Look like similar to #1359

Steps to reproduce the issue:

run the command podman run --rm command twices

Describe the results you received:

error creating container storage: the container name "nova_cellv2_discover_hosts" is already in use by "5efe2260d1aaadf63e8ce70d0aca100472bb0e0ee90884e95c785821a37d694c". You have to remove that container to be able to reuse that name.: that name is already in use

Describe the results you expected:

I'm waiting for a container creation

Additional information you deem important (e.g. issue happens only occasionally):

Output of podman version:

podman version 1.0.0

Output of podman info:

$ sudo podman info
host:
  BuildahVersion: 1.6-dev
  Conmon:
    package: podman-1.0.0-1.git82e8011.module+el8+2696+e59f0461.x86_64
    path: /usr/libexec/podman/conmon
    version: 'conmon version 1.14.0-dev, commit: 52154d748ee9623ac65d34514ec22063d2633ac2-dirty'
  Distribution:
    distribution: '"rhel"'
    version: "8.0"
  MemFree: 382480384
  MemTotal: 16645574656
  OCIRuntime:
    package: runc-1.0.0-54.rc5.dev.git2abd837.module+el8+2650+e6b3d617.x86_64
    path: /usr/bin/runc
    version: 'runc version spec: 1.0.0'
  SwapFree: 796397568
  SwapTotal: 1073737728
  arch: amd64
  cpus: 16
  hostname: herve.localdomain
  kernel: 4.18.0-60.el8.x86_64
  os: linux
  rootless: false
  uptime: 48h 20m 18.38s (Approximately 2.00 days)
insecure registries:
  registries:
  - 192.168.122.1:5000
  - 192.168.24.2:8787
registries:
  registries:
  - registry.redhat.io
  - quay.io
  - docker.io
store:
  ConfigFile: /etc/containers/storage.conf
  ContainerStore:
    number: 90
  GraphDriverName: overlay
  GraphOptions: null
  GraphRoot: /var/lib/containers/storage
  GraphStatus:
    Backing Filesystem: xfs
    Native Overlay Diff: "true"
    Supports d_type: "true"
  ImageStore:
    number: 28
  RunRoot: /var/run/containers/storage

Additional environment details (AWS, VirtualBox, physical, etc.):
KVM

The text was updated successfully, but these errors were encountered:

rhatdan · 2019-01-30T14:05:30Z

Does the original container actually exists?

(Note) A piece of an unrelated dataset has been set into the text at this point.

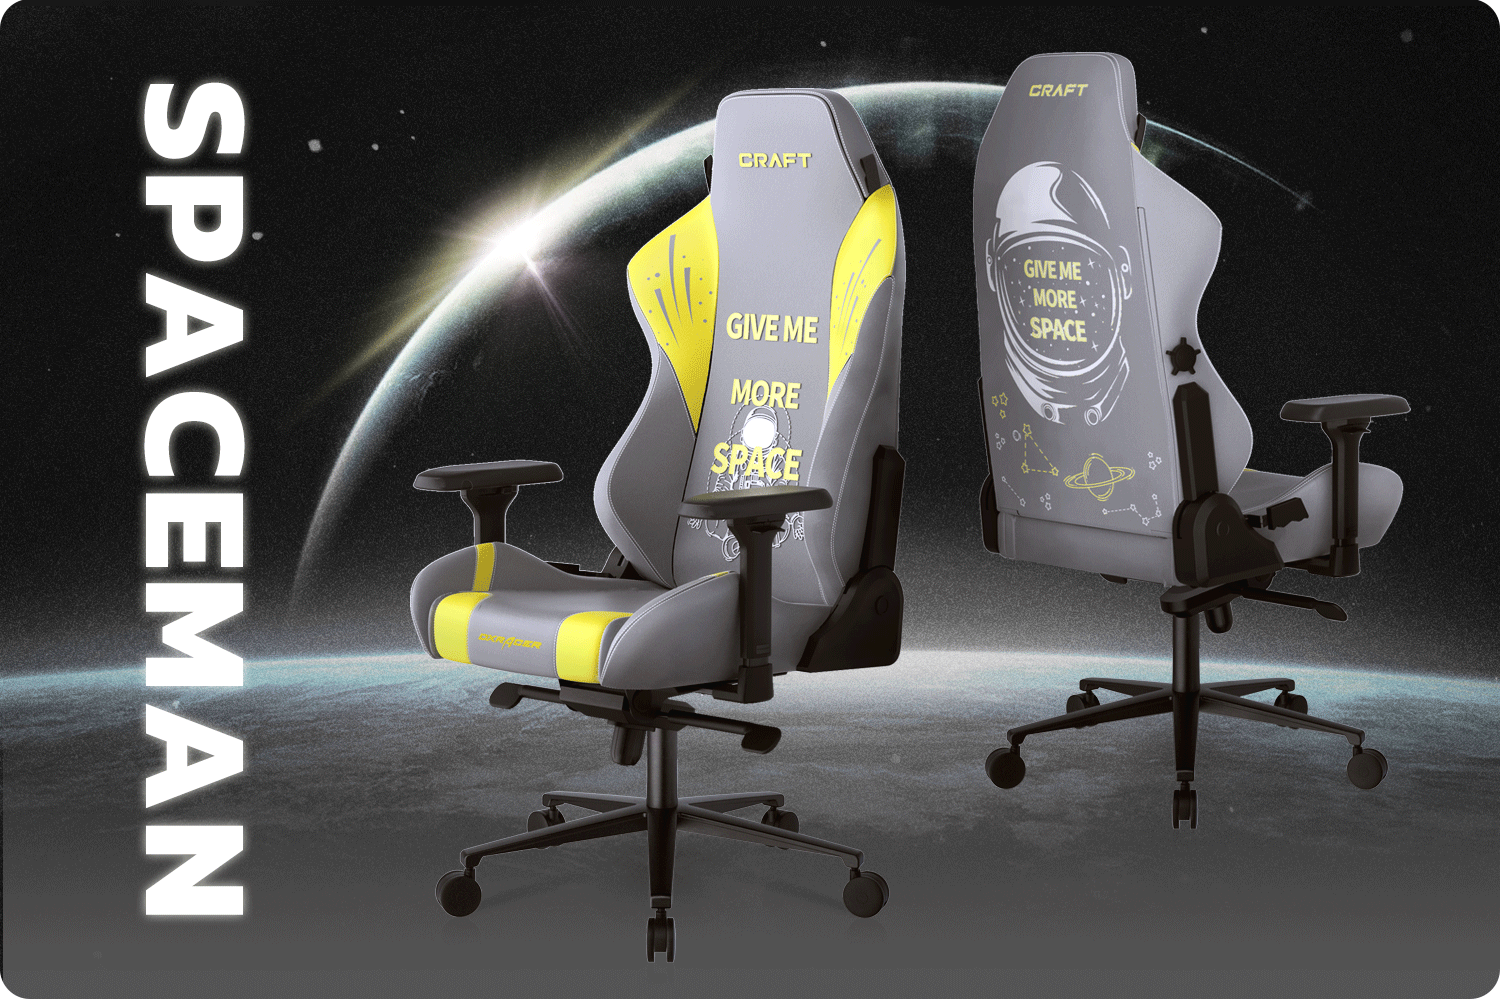 https://www.thexboxhub.com/wp-content/uploads/2022/03/dxracer-craft-series-spaceman.png

mheon · 2019-01-30T14:44:08Z

Try a podman pod ps and see if there are any pods with that name/ID.

rhatdan · 2019-01-30T15:00:00Z

There could be a race condition here. Where one container is exiting, and running podman cleanup while another container is launching,

4383 · 2019-01-30T18:03:12Z

I have already try podman ps and the container doesn't exist in the list...

TomSweeneyRedHat · 2019-01-30T18:18:28Z

Just to be sure, did you try podman ps -a to show all the containers?

4383 · 2019-01-30T18:29:03Z

Yep see the bug description

4383 · 2019-01-30T18:31:09Z

I have try the following commands to find an existing container with the same name and no results was founds:

$ sudo podman ps                                                                             
$ # no results found
$ sudo podman ps -a                                                                             
$ # no results found
$ sudo podman volume list
$ # no results found and no volumes exists

mheon · 2019-01-30T18:33:59Z

Volumes don't share names with pods and containers, so podman volume list doesn't really help.

Can you try podman pod ps? Pods do share names with containers

4383 · 2019-01-30T20:27:42Z

@mheon I'm sorry but I'm not sure to can reproduce this issue all the time (a little bit random) and I have already reset my env... If I'm facing it again lets me append my traceback and outputs commands here, especially podman pod ps

mheon · 2019-01-30T21:19:44Z

If you do manage to reproduce again, and the pod check produces negative, also append /var/lib/containers/storage/libpod/bolt_state.db

mheon · 2019-01-30T21:20:32Z

There's a small chance we have some sort of state corruption going on, but I would think we would have hit this before if so.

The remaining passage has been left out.